(Beginning of Data excerpt)

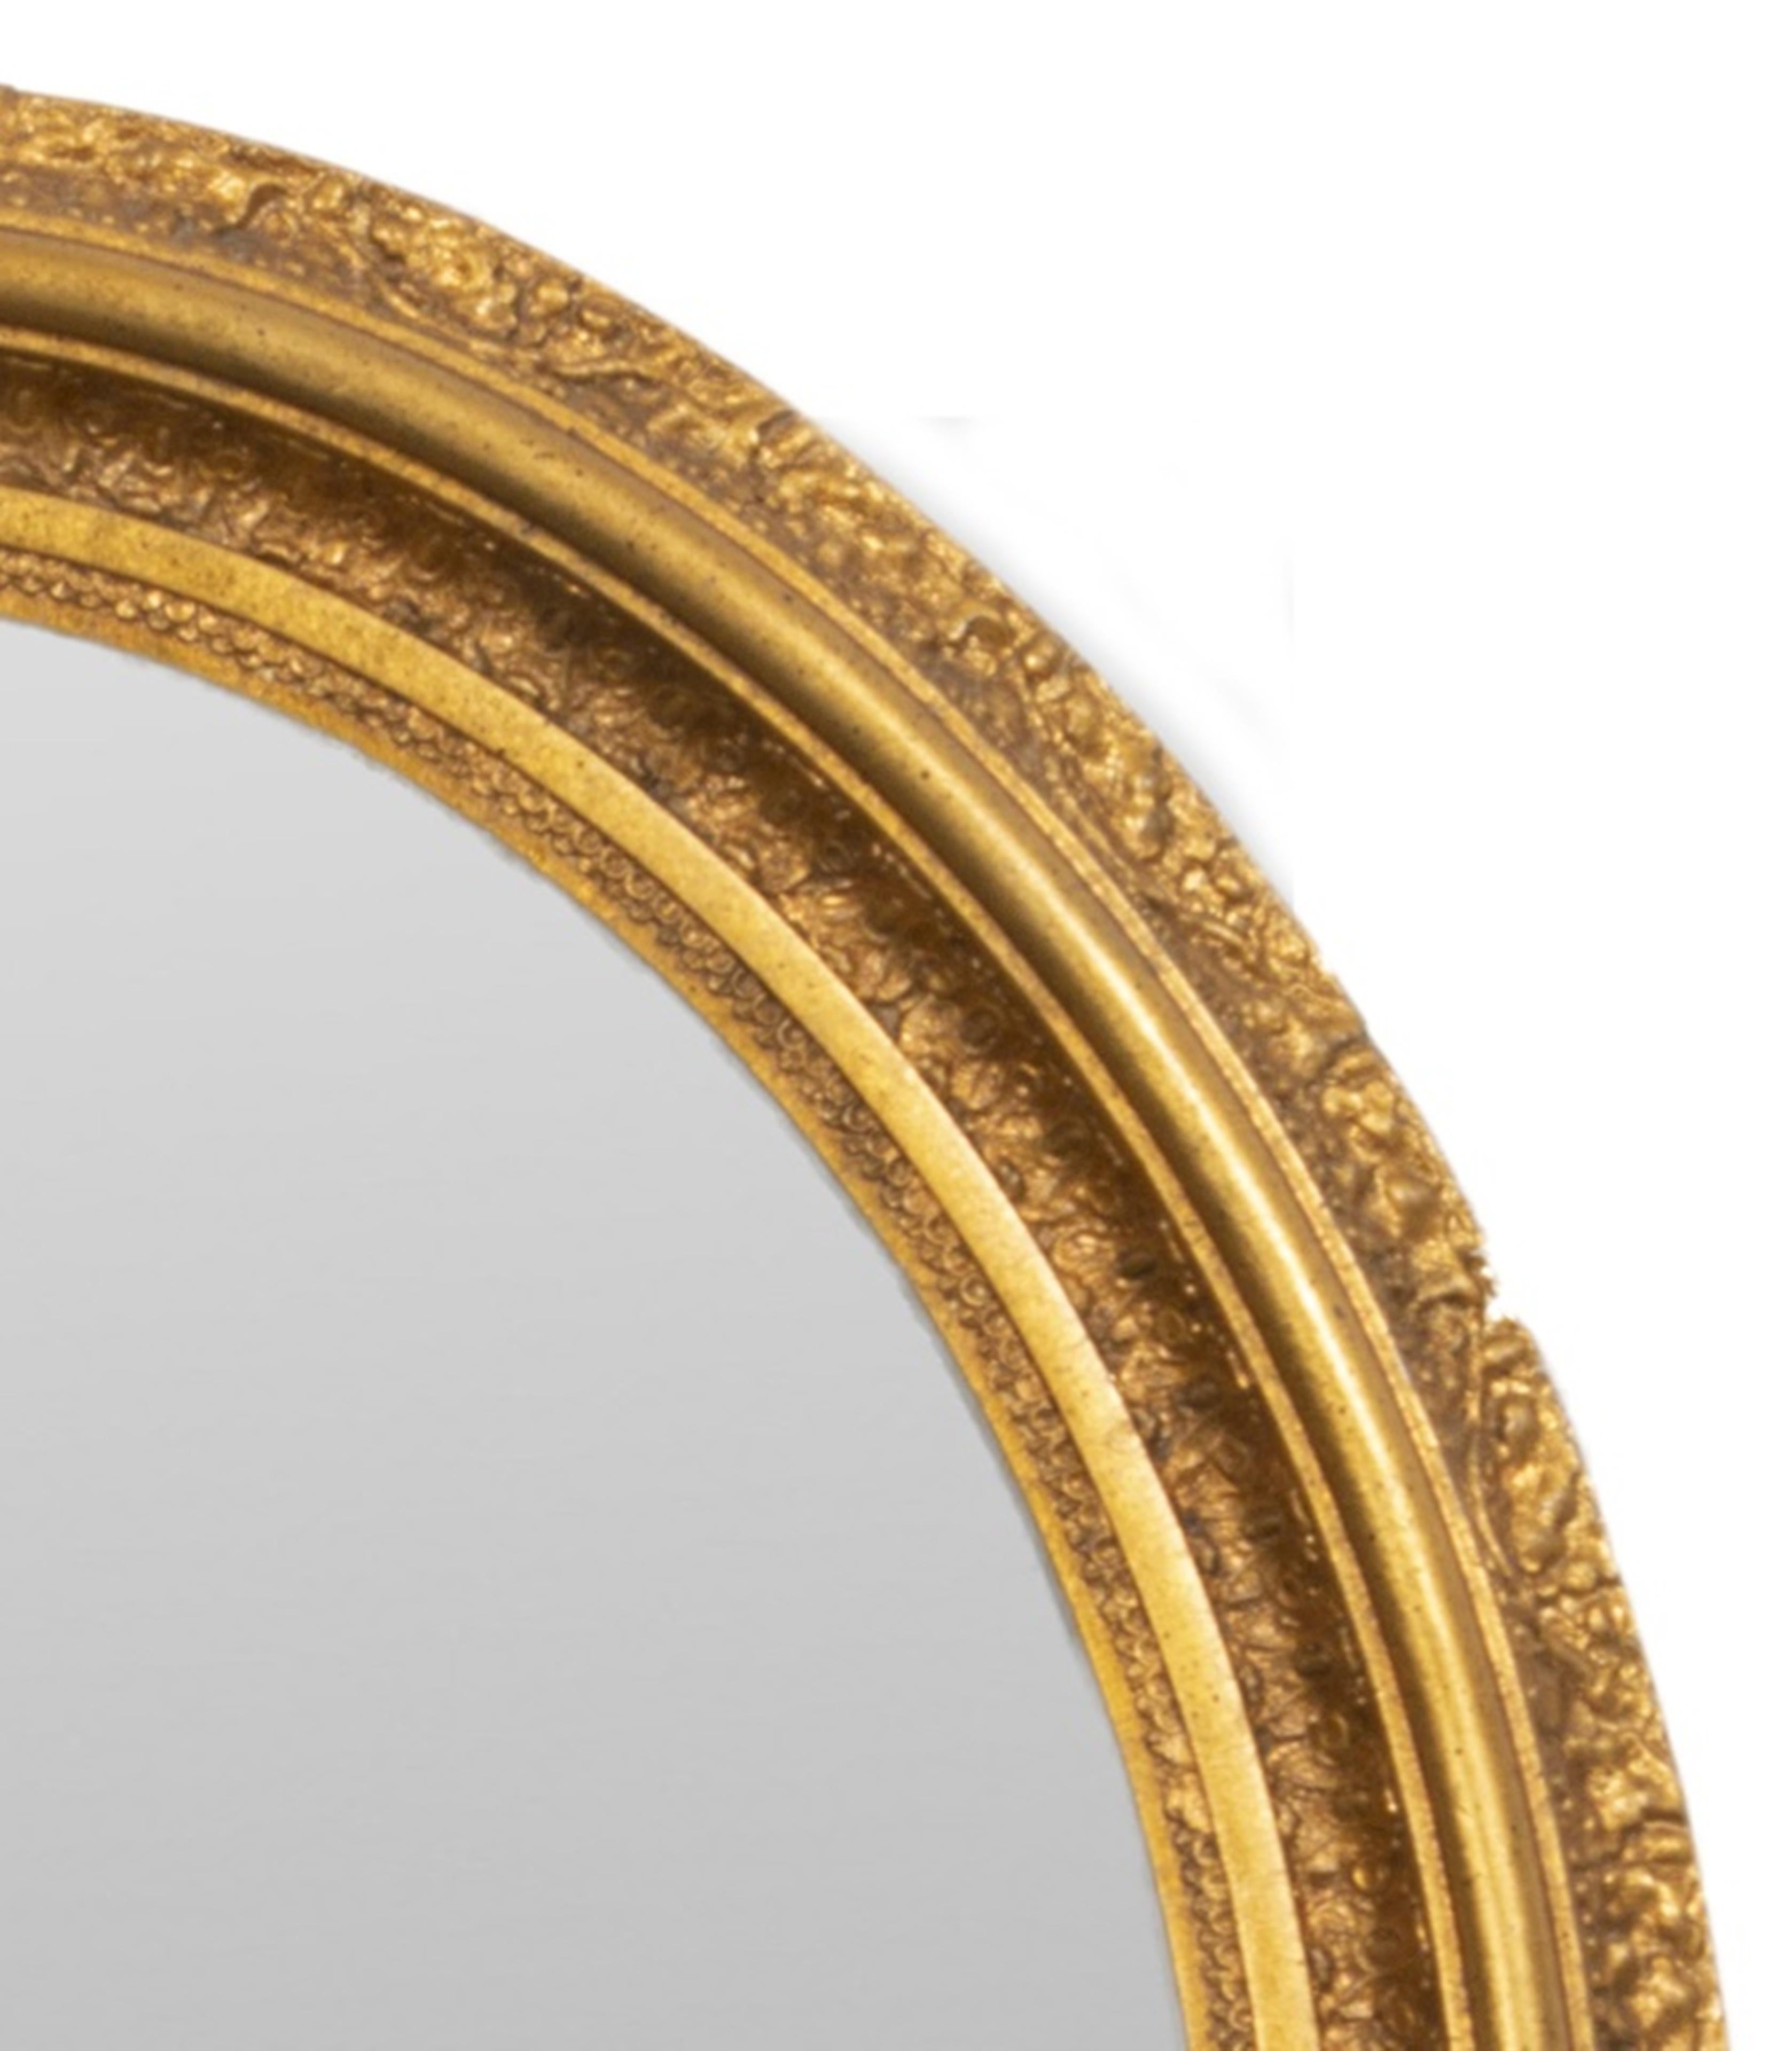 Rococo revival oval giltwood mirror. Provenance: Property from a 1199 Park Ave estate
Dimensions 30.5” H x 26.5” W x 2” D.

Dealer S138XX.
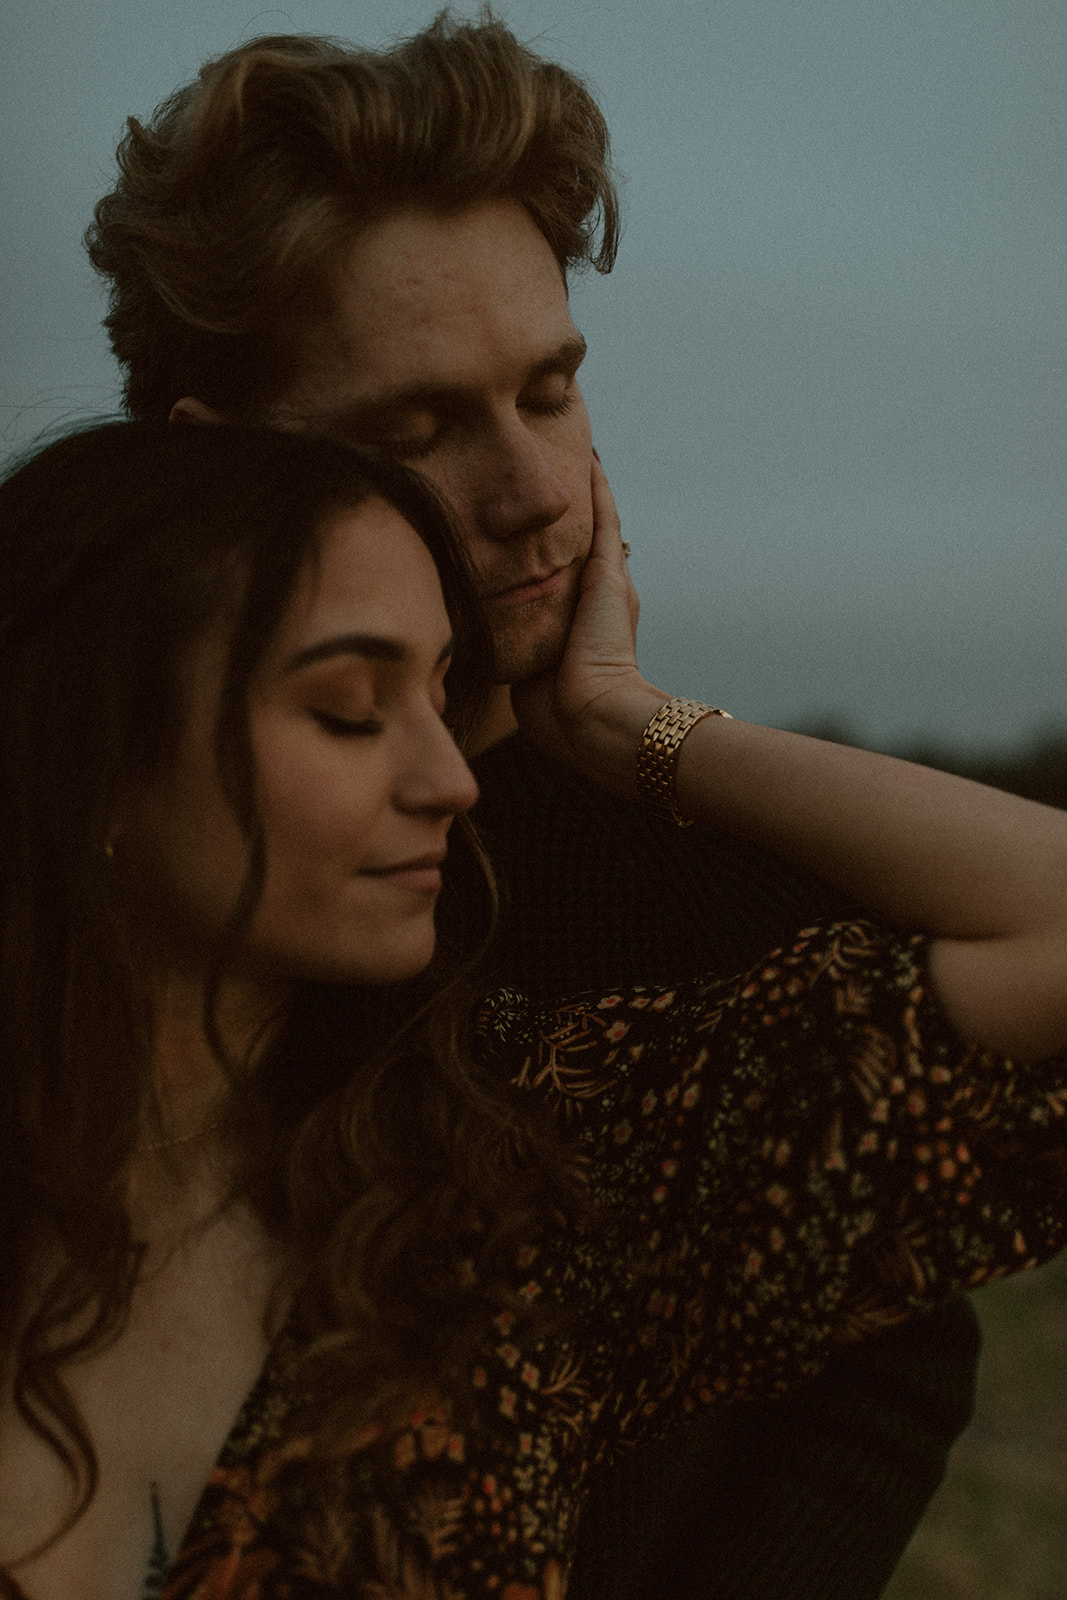 Moody engagement session shot by Sullivan Taylor

(End of Data excerpt)

• _Task requirements_
Before handing back the copy, remove the pictures; otherwise print the data exactly.

• _Final answer_
 Rococo revival oval giltwood mirror. Provenance: Property from a 1199 Park Ave estate
Dimensions 30.5” H x 26.5” W x 2” D.

Dealer S138XX.
 Moody engagement session shot by Sullivan Taylor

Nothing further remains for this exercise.